### Information supplied
--------------------------------------------------

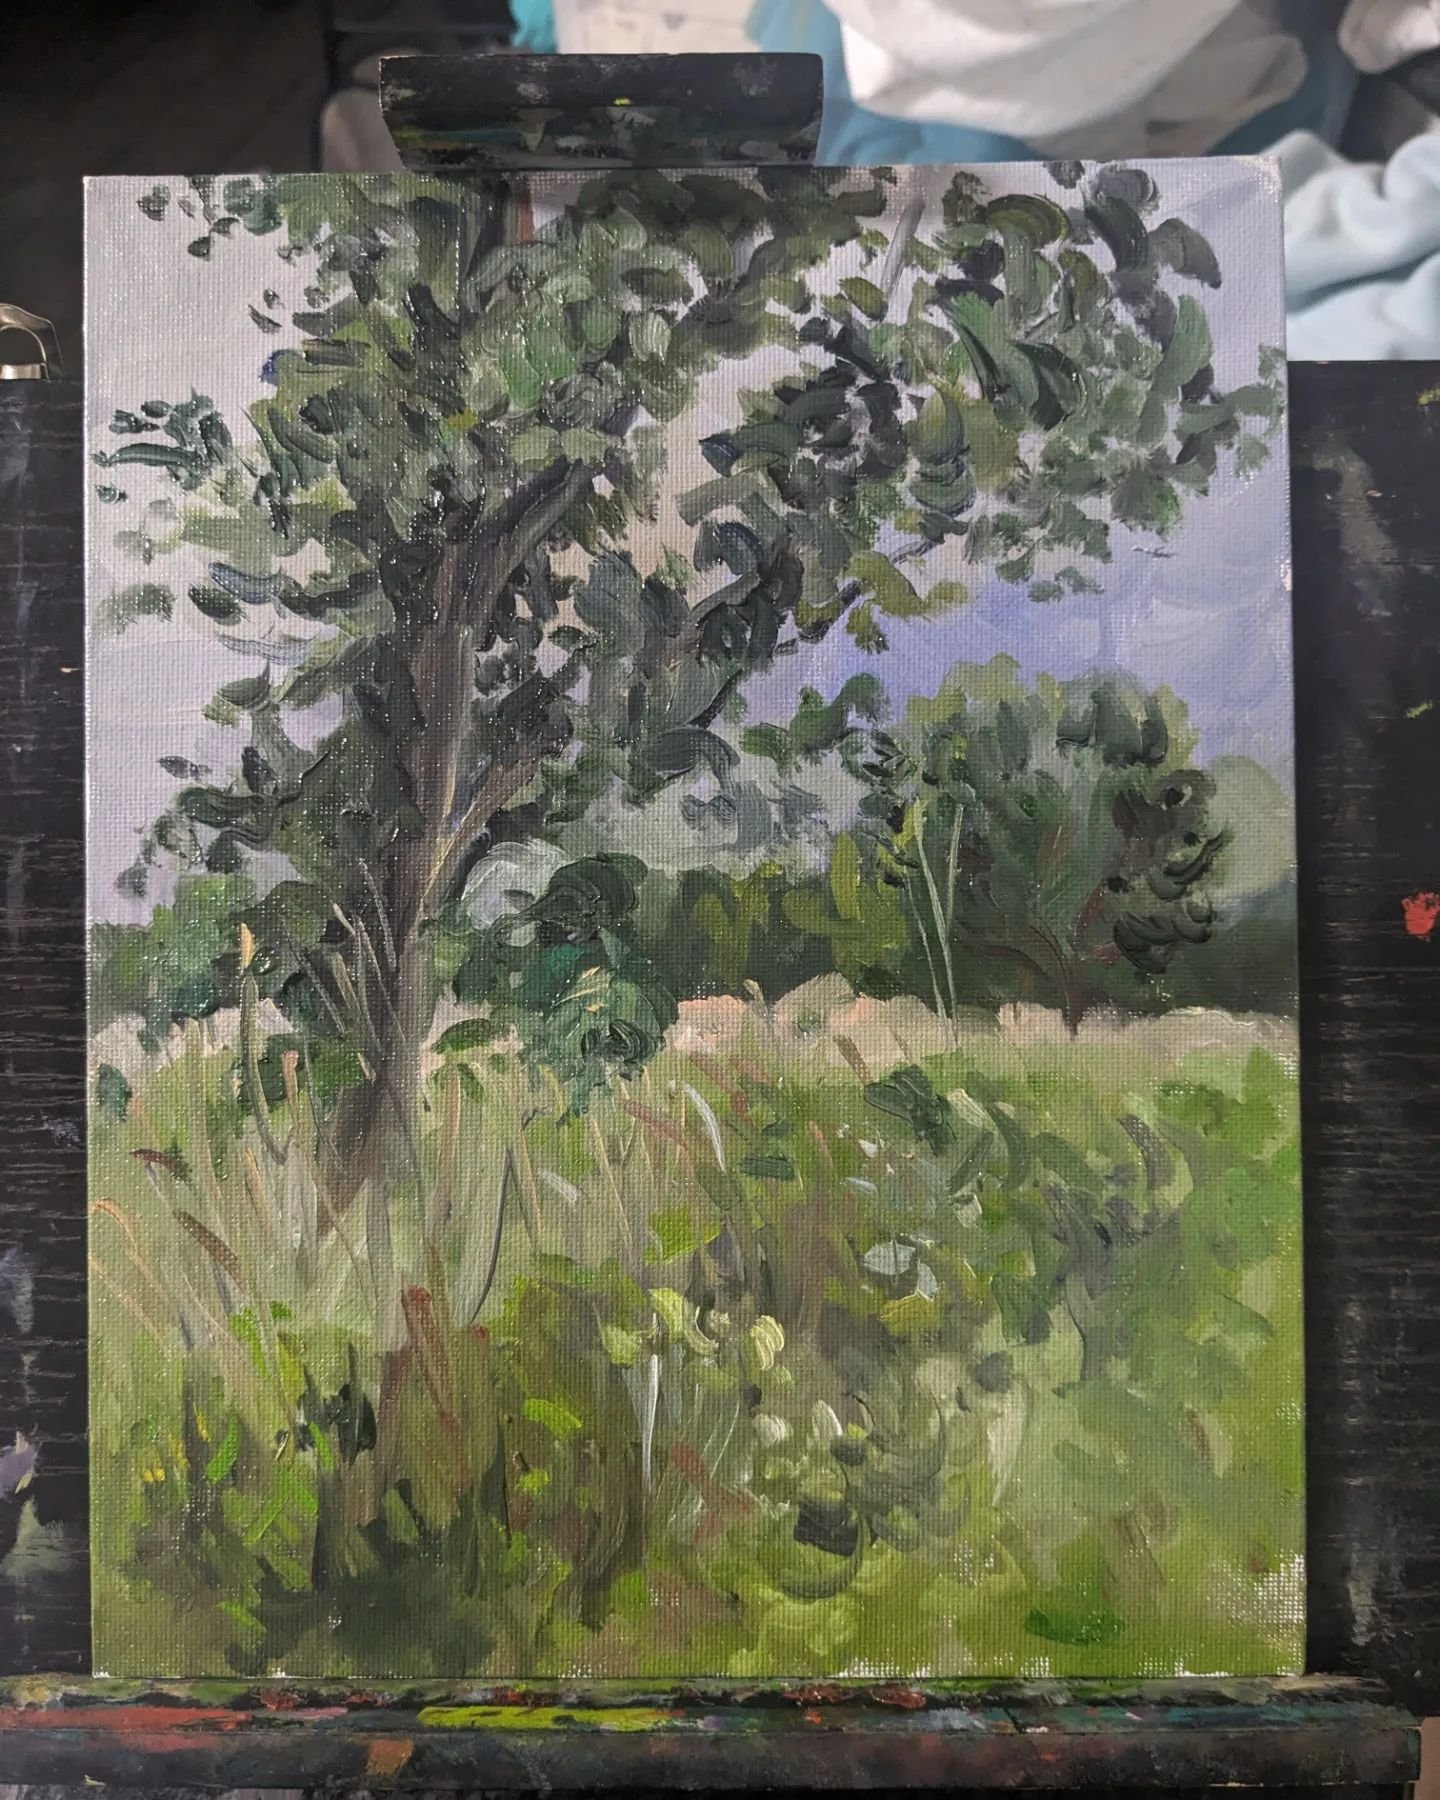 Plein air study from last Friday... I actually did it as the oncoming rain was bearing down on me and starting to sprinkle. Maybe it helped that I was working in oils, instead of acrylics or watercolor?? 

ANYWAY. Swipe to see the studio version I'm 
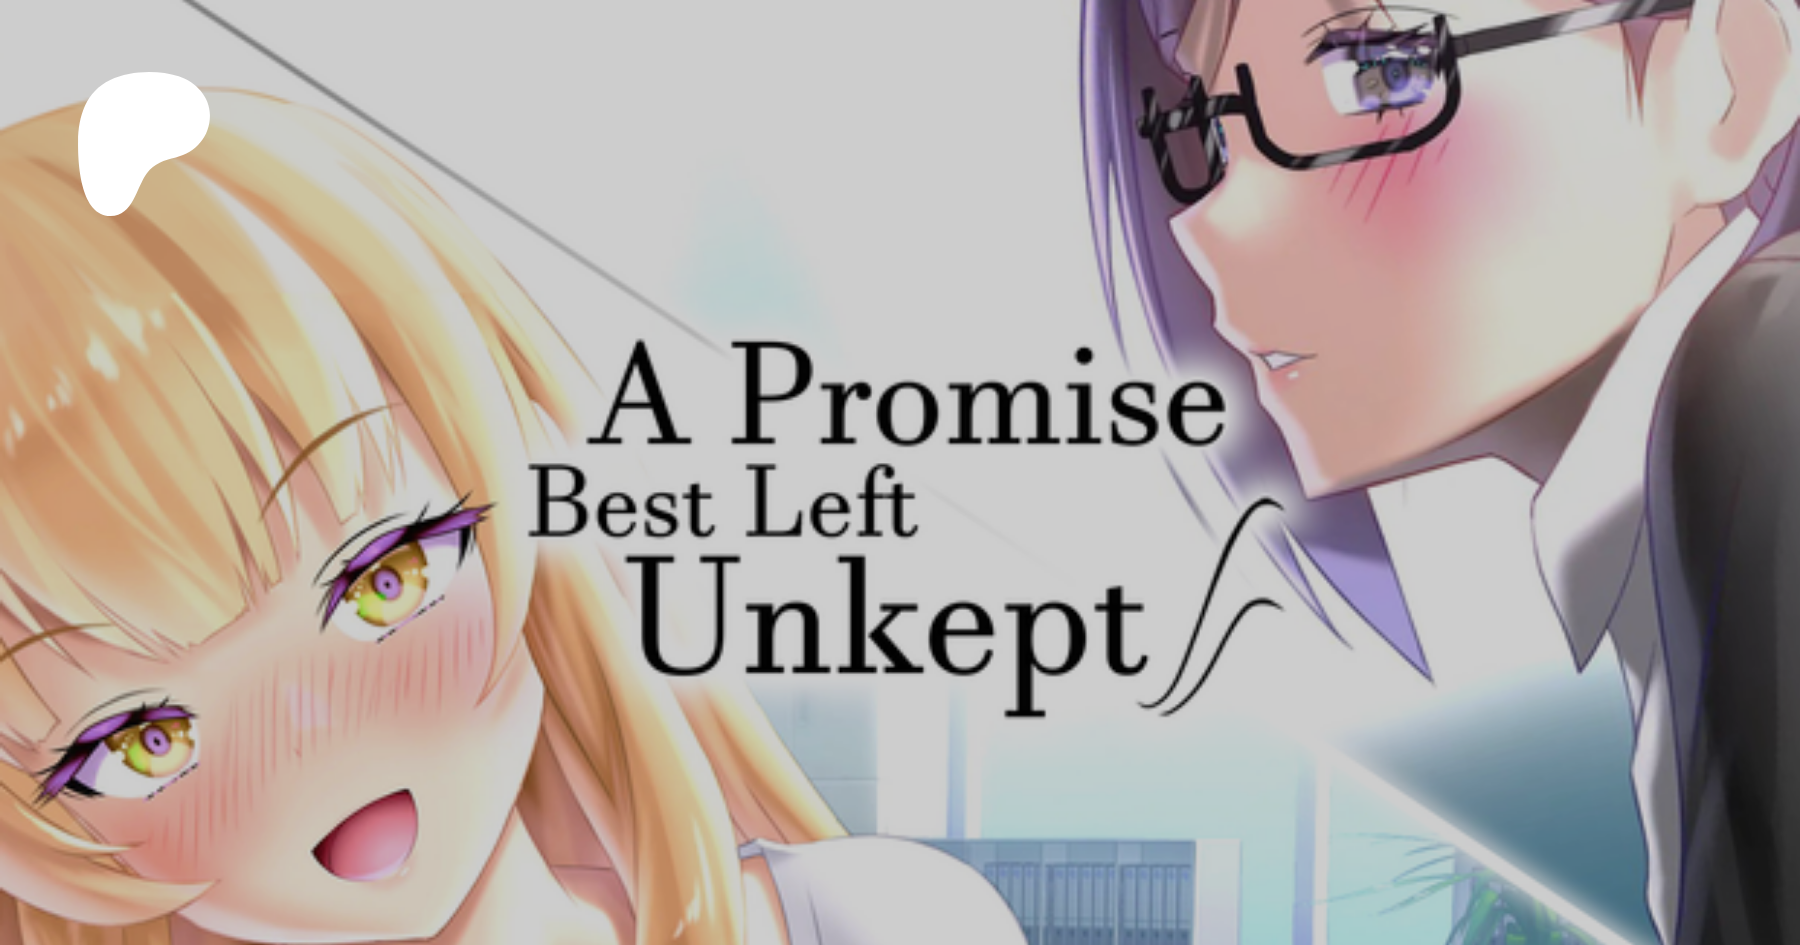 Pre-order A Promise Best Left Unkept on our Store now! | Patreon
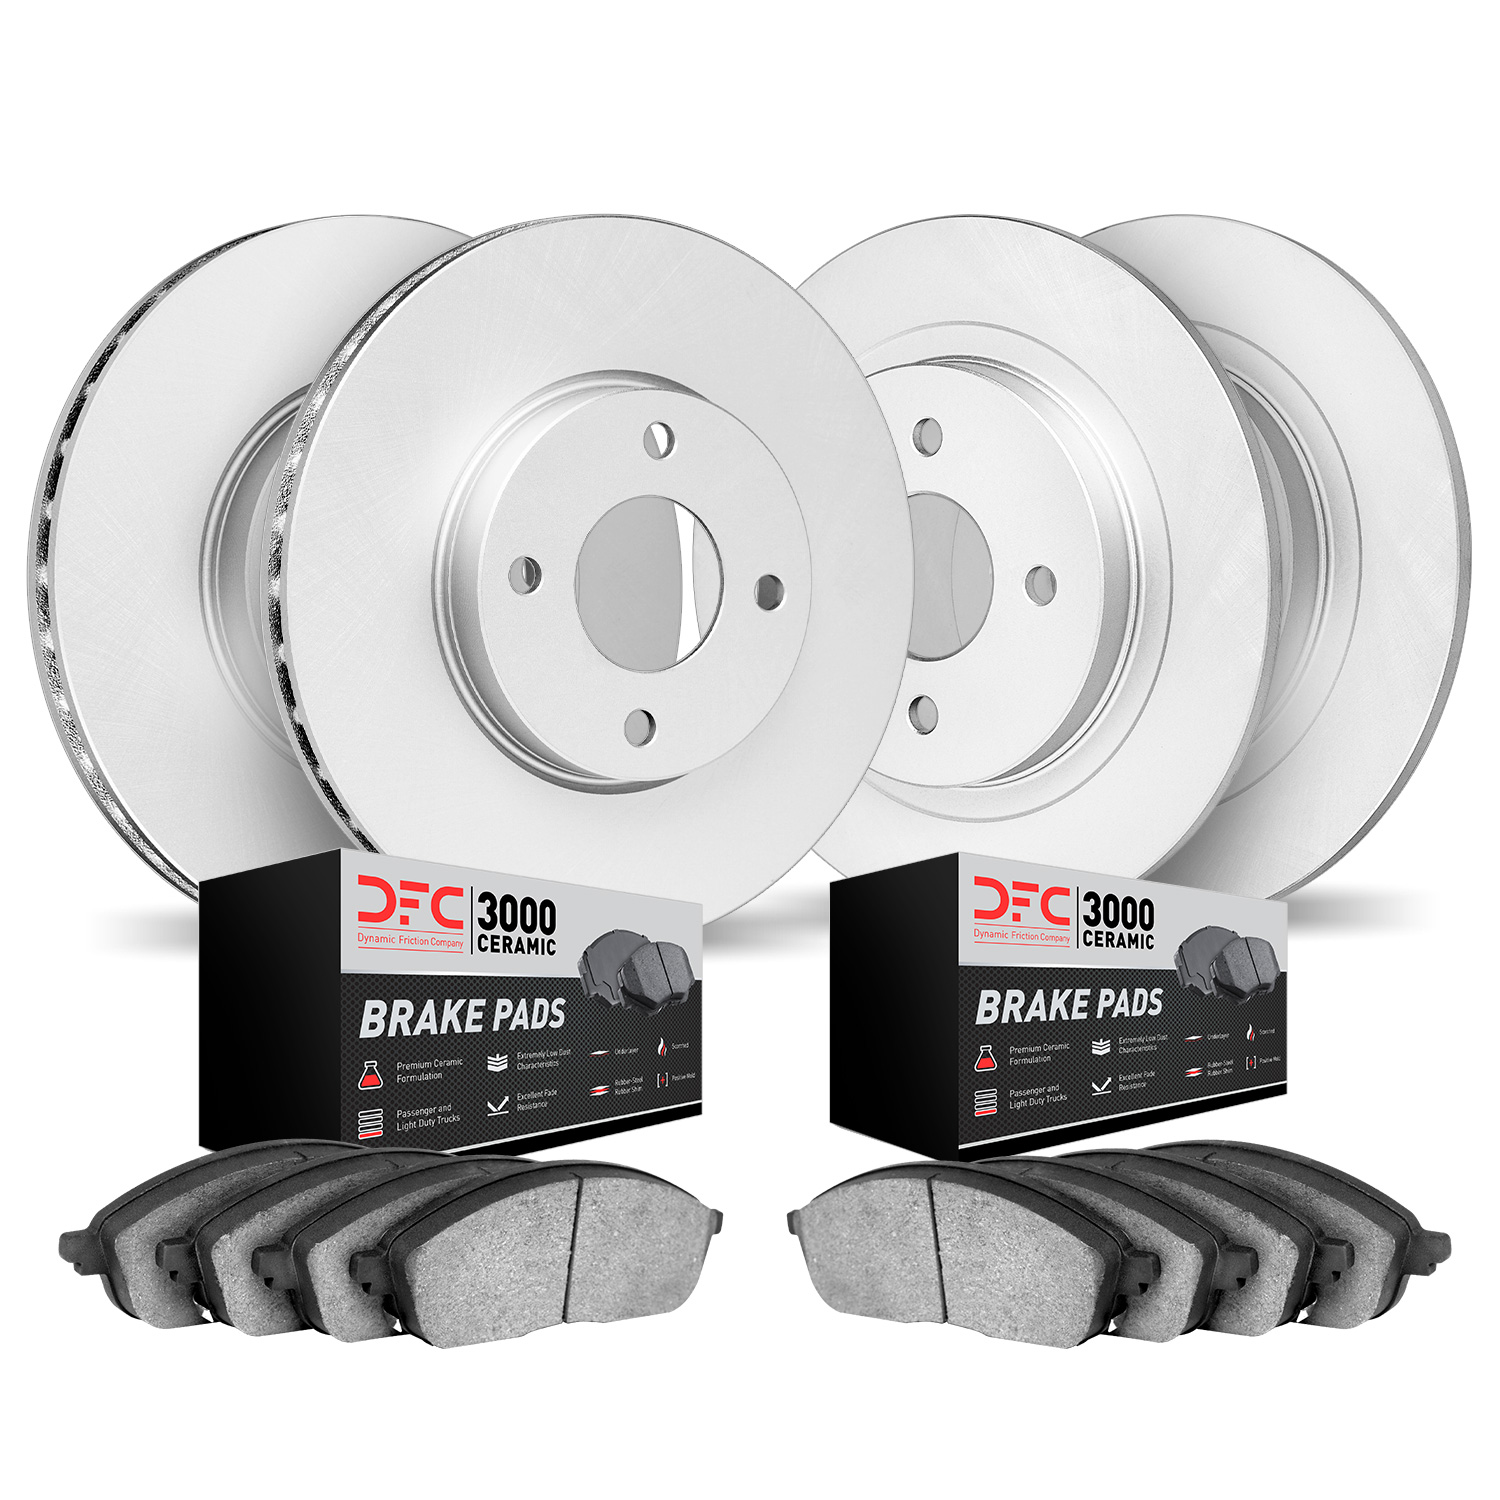 4304-59014 Geospec Brake Rotors with 3000-Series Ceramic Brake Pads Kit, 1993-2001 Acura/Honda, Position: Front and Rear

--------------------------------------------------

### Assignment
Locate "ANYWAY. Swipe to see the studio version I'm" in the listing above, then print exactly the lines from that line through the final one, omitting all pictures.

### Solution
ANYWAY. Swipe to see the studio version I'm 
 Pre-order A Promise Best Left Unkept on our Store now! | Patreon
 4304-59014 Geospec Brake Rotors with 3000-Series Ceramic Brake Pads Kit, 1993-2001 Acura/Honda, Position: Front and Rear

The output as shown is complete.